Mangesh Tendulkar was an Indian artist as cartoonist and humourist. He has also written in many magazines on cartoons.

Early life

Brief biography
Tendulkar was a caricaturist for the year 1954. He was instrumental in creating traffic awareness in Pune city and gave great support to Pune traffic police. He used to personally stand on Karve road, Pune for creating awareness regarding the traffic for last 17 years of his life.

TThe city-based Automotive Research Association of India (ARAI) had used Mangesh’s talents to draw images in their drive to promote road safety.
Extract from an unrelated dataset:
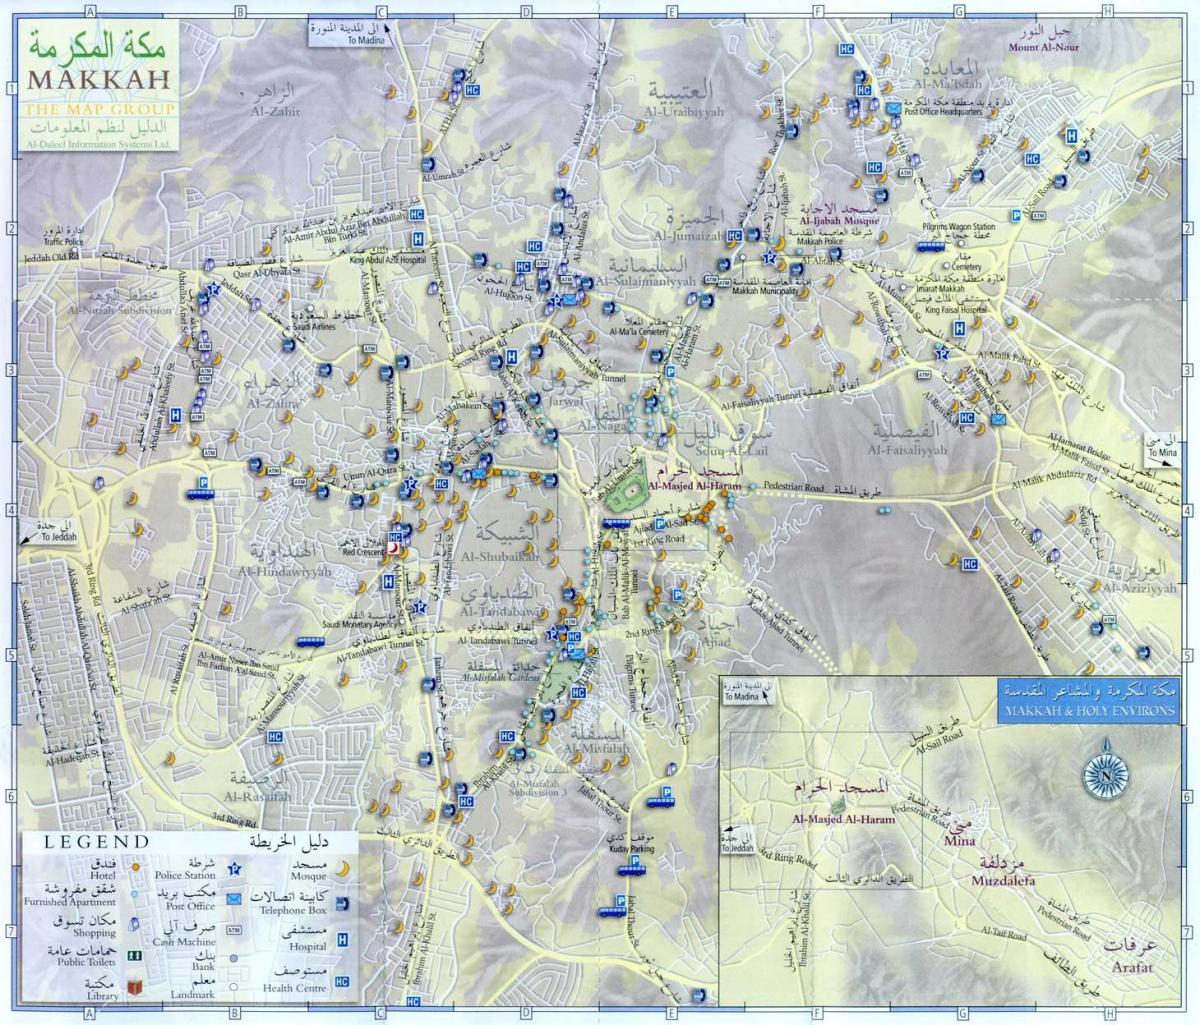 kort over rute Makkah

In a series of 100 cartoons, he set forth his concerns about the city and the preservation of Pune’s once-leafy environs with his trademark good-humoured, gentle skepticism. Besides his prolific cartoons, Tendulkar also authored collections of satirical sketches accompanied by his caricatures in works like Bhuichakra and Sunday Mood. He also documented Pune’s theatre scene in incisive articles and books.

He started sketching caricatures in his 70s and he was active till his death.

Books
Tendulkar’s book named Cartoons was published in 2001.

 Cartoons
 Bhuichakra भुईचक्र
 Sunday Mood संडे मूड : (५३ लेख आणि जवळपास तेवढीच व्यंगचित्रे असलेले पुस्तक)
 Atikraman अतिक्रमण
 Kuni Pampato Ajun Kalokh कुणी पंपतो अजून काळोख
 Bittesha Dakesha ’बित्तेशां?’ ‘दांकेशां!’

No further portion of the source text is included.